Gemma 4 QAT models: Optimizing compression for mobile and laptop efficiency

384 points • by theanonymousone • yesterday at 4:18 PM • 120 comments • view on HN

Comments

I just ran one of these locally on a Mac like this:

  uvx litert-lm run \
    --from-huggingface-repo=litert-community/gemma-4-E2B-it-litert-lm \
  gemma-4-E2B-it.litertlm \
    --backend=gpu \
    --prompt="Generate an SVG of a pelican riding a bicycle"

The first time you run that it downloads 3.2GB to ~/.cache/huggingface/hub/models--litert-community--gemma-4-E2B-it-litert-lm

It can handle audio and image input too, which is pretty cool for a 3.2GB model.
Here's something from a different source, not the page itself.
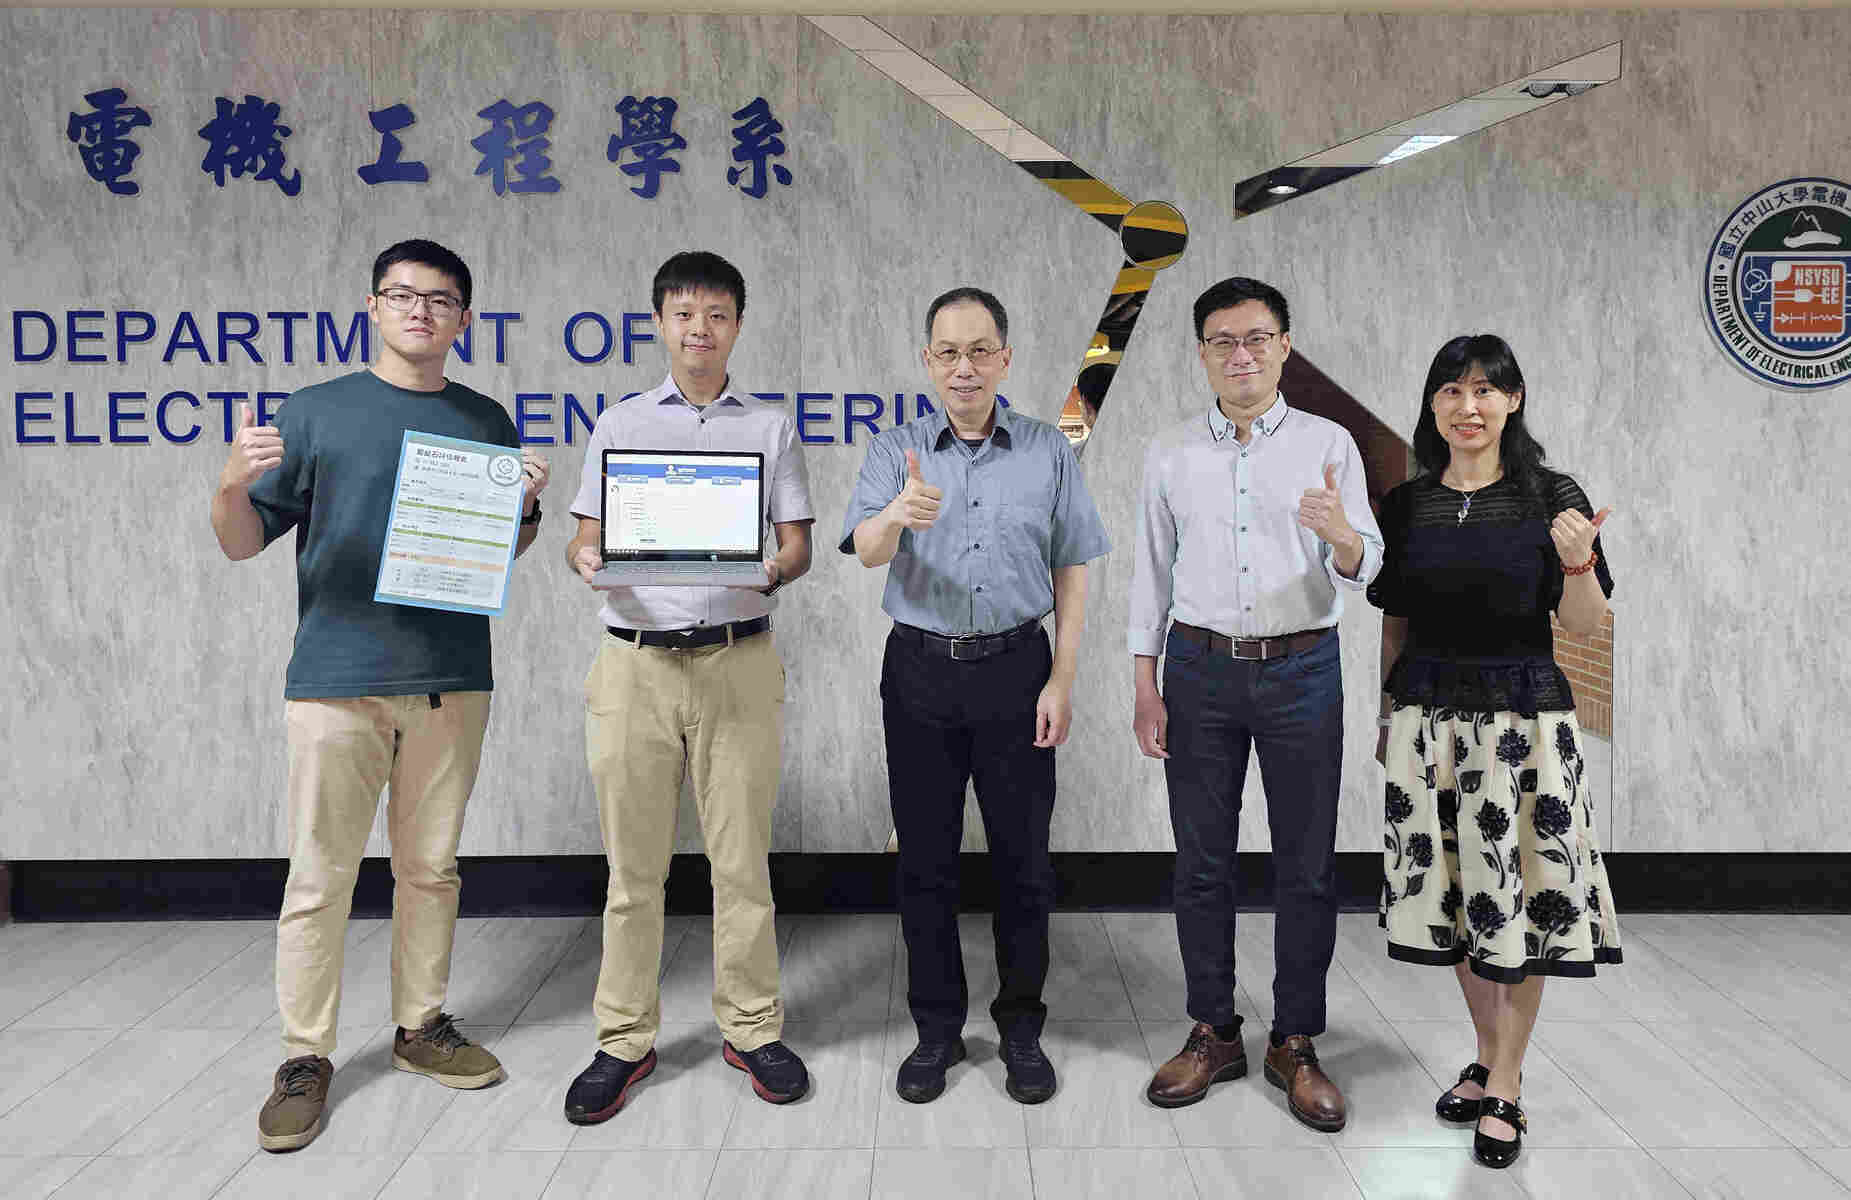 The “Surgery-Free AI Uric Acid Stone Prognostic System” was developed by the cross-school, cross-disciplinary research team that was led by Dr. Chung-Yao Kao (middle), a Professor of the Department of Electrical Engineering at NSYSU and Dr. Hao-Wei Chen (second from the right) of the Department of Urology at KMU
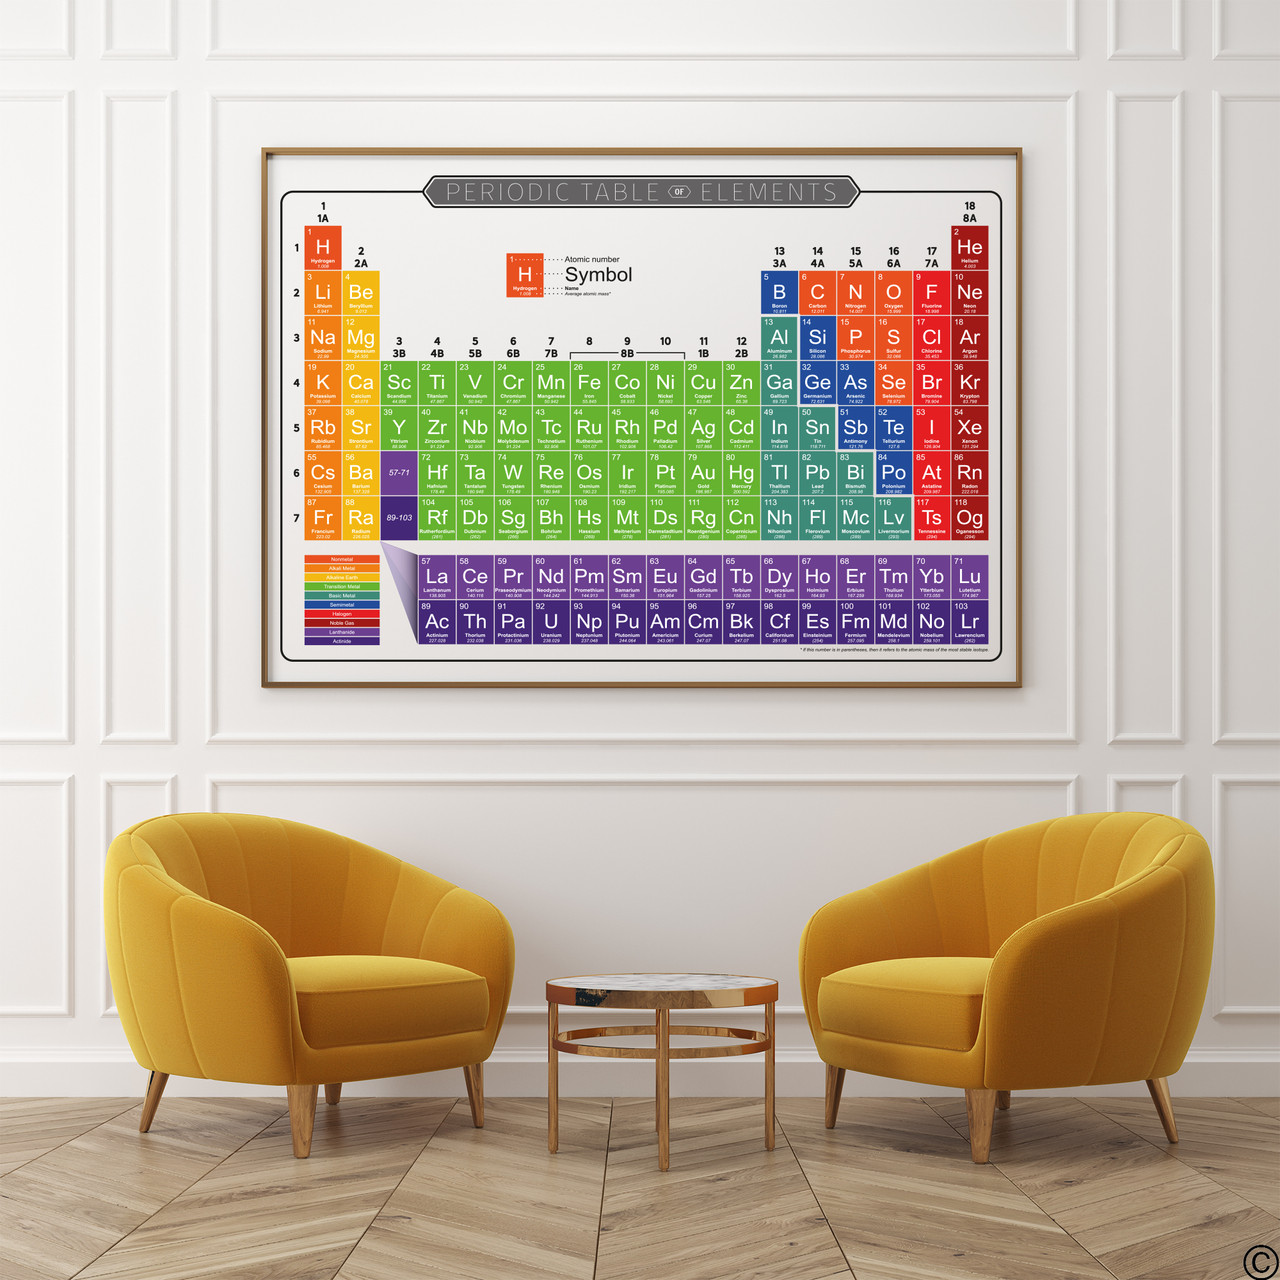 High quality print of the Periodic Table of Elements in a Rainbow color theme. Pick from 3 paper types and many sizes including standard frame sizes. Also available as a removable wall decal.

For images:

  uvx litert-lm run \
    --from-huggingface-repo=litert-community/gemma-4-E2B-it-litert-lm \
  gemma-4-E2B-it.litertlm \
    --backend=gpu --vision-backend gpu \
    --attachment image.jpg --prompt describe

And for audio:

  uvx litert-lm run \
    --from-huggingface-repo=litert-community/gemma-4-E2B-it-litert-lm \
  gemma-4-E2B-it.litertlm \
    --backend=gpu --audio-backend cpu \
    --attachment audio.wav --prompt transcribe

(The pelican is rubbish, but it's only a 3.2GB file so the fact it even outputs valid SVG is impressive to me: https://gist.github.com/simonw/94b318afde4b1ce5ff67d4b5d0362... )

➕ show 3 replies

satvikpendem • yesterday at 5:32 PM

Unsloth's collection as well [0], with their results [1]. Looks like they can get very close to 100% accuracy compared to the BF16 model that is unquantized, and Unsloth's quants are better than the original Google's QAT as posted in the article.

Personal I'm using the 2B model for web search and structured JSON output back via Unsloth Studio and its API, works very well for that even with the model embedded on phones.

[0] https://huggingface.co/collections/unsloth/gemma-4-qat

[1] https://unsloth.ai/docs/models/gemma-4/qat#qat-analysis

➕ show 4 replies

jhatax • yesterday at 9:50 PM

It’s the Friday before WWDC during which Apple is going to announce an “improved” Siri based on Google models (a locked partnership, for now). Maybe it’s a coincidence, but this might be Google releasing models that will be showcased next week by Apple?

No knowledge, just speculation.

➕ show 2 replies

jbarrow • yesterday at 8:42 PM

Very impressed with how much the Gemma ecosystem has advanced just this week.

Gemma 12B, multitoken prediction, and official quants released. Feels like Google is putting real effort into this string of releases, and I'm very excited to see that!

minimaxir • yesterday at 5:14 PM

It's a bit awkward to release Gemma 4 12B (https://news.ycombinator.com/item?id=48385906), and then a canonical Q4_0 Gemma 4 12B a couple days later.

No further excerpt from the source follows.